На все это Мамалыга глядел своими белесыми, выпуклыми глазами, машинально поднимая трубку то одного, то другого – телефона, выслушивая очередное сообщение, передавая его по селектору и аккуратно занося запись в журнал.
– Синие «жигули»… да, повторяю, синие… нет, цвет не уточняли, но точно, что не серые… Номер?.. Нет, не заметили. Да? У парка? Сейчас, восьмой, драка у парка со стороны главного входа. Алло, четвертый, наряд выслан, ты там поосторожнее… Да… Да успокойтесь вы! Кто в квартиру ломится? Сосед? Адрес? Да-да, сейчас высылаю. Алло? Да, соединяю со Звенигоровым…
Старший лейтенант Звенигоров выслушал краткое сообщение:
«Ваш объект находится в доме номер 25 по улице Фруктовой, второй подъезд, третий этаж, квартира 16», – и скомандовал:
– Ну всё, ребята, подъём, поехали брать.
И помчал по ночному городу проворный сине-желтый «жигуленок», надсадно порою завывала его сирена, и тревожными молниевыми сполохами сверкала мигалка, озаряя скамейки с прикорнувшими парочками, вмиг притихшую толпу у ресторана, минуя резко притормозившую стайку машин на перекрестке. Вскоре, свернув с центральной магистрали на тихие и темные пригородные улочки, поросшие ветвистыми каштанами, автомобиль остановился у разрытой мостовой.
– Всё, – мрачно констатировал водитель. – Дальше не проехать.
Подойдя к искомому дому, лейтенант столкнулся с тенью, вынырнувшей из подъезда.

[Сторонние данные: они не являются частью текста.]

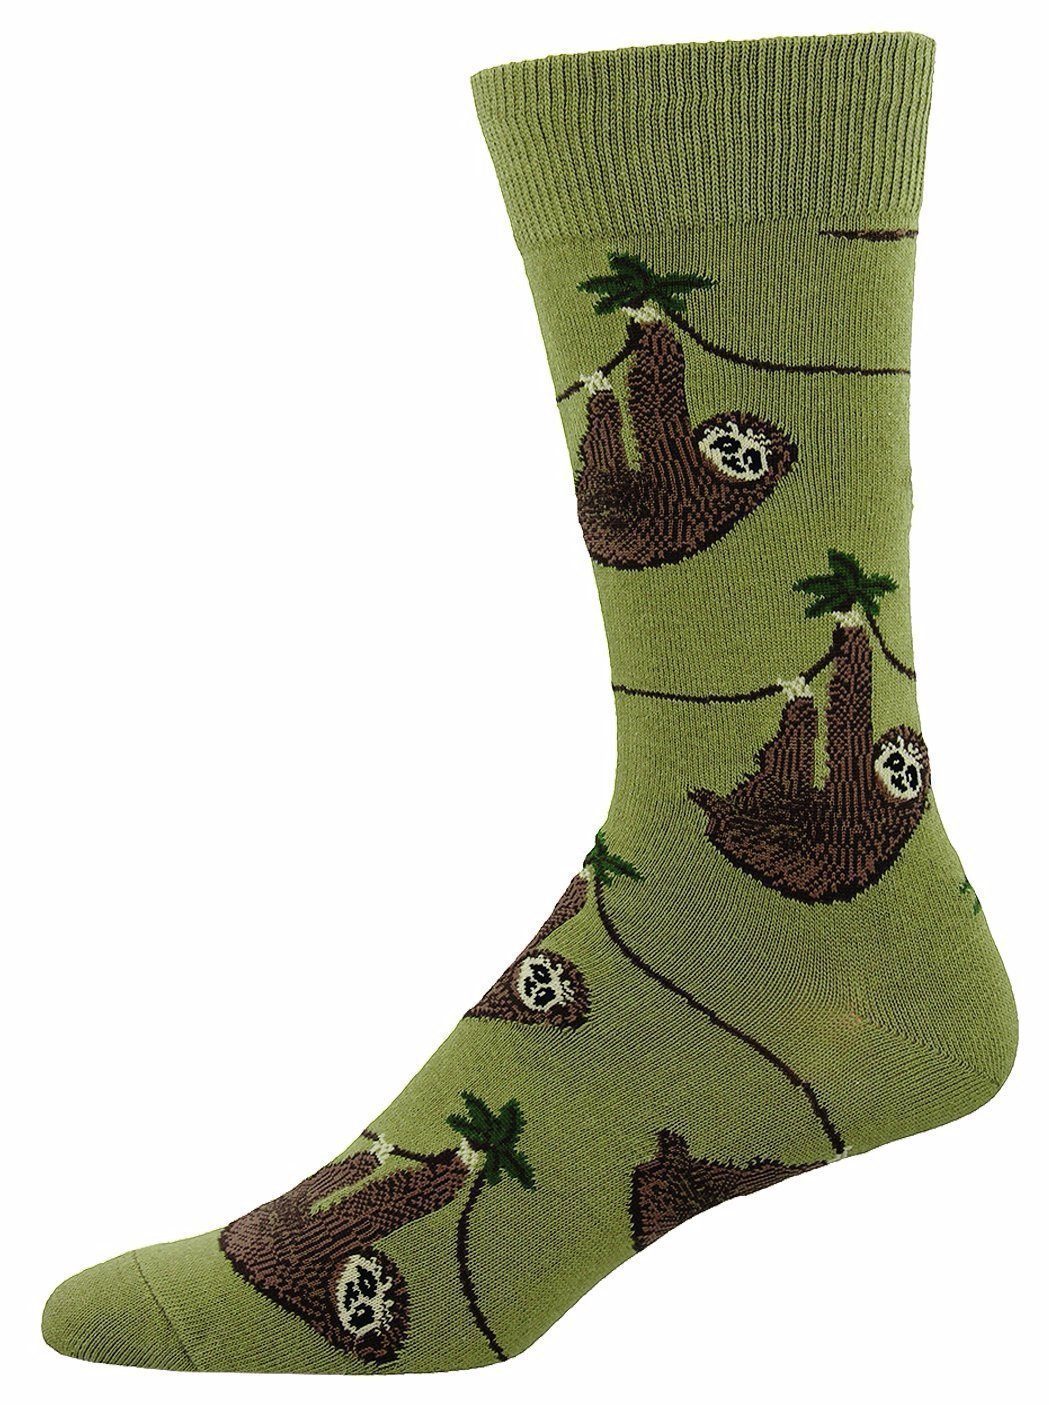 Socksmith - Sloth Crew Socks | Men's - Knock Your Socks Off

– Здесь? – спросил Звенигоров.
– Так точно, – ответила тень, неловко козыряя. – Вон их окно.
– Ласточкин, караулишь за домом, – приказал Звенигоров подошедшему сержанту и снова обратился к тени:
– Дворник здесь?
– Здесь, здесь, где ж ему быть-то?
– Идем.
Взяв с собой дворника, лейтенант с оперативником двинулись к подъезду, из которого с истошным мявом вылетела кошка, осторожно поднялись на третий этаж и остановились у давно некрашенной двери со сбитым номером. Лейтенант крутнул ручку допотопного звонка, который разразился унылым дребезжанием. Некоторое время в квартире за дверью царило молчание. Потом послышались шаркающие старческие шаги и негромкий, глуховатый женский голос спросил:
– Кто там?
– Это я, Марья Фоминишна, – робко проблеял дворник, покосившись на Звенигорова. – Тут вам извещение из ЖЭКа.
Лейтенант смерил его уничтожающим взором. Дверь чуть приотворилась, но тут же настежь распахнулась, выбитая ударом плеча. Охнув, Марья Фоминишна повалилась на пол. В тот же миг квартира наполнилась людьми, которые вели себя, как бесцеремонные хозяева. Они заглядывали под столы, опрокидывали стулья, открыли диван – оттуда полетели запыленные свертки газет, – вышли на балкон, перекликнулись там с кем-то. И наконец…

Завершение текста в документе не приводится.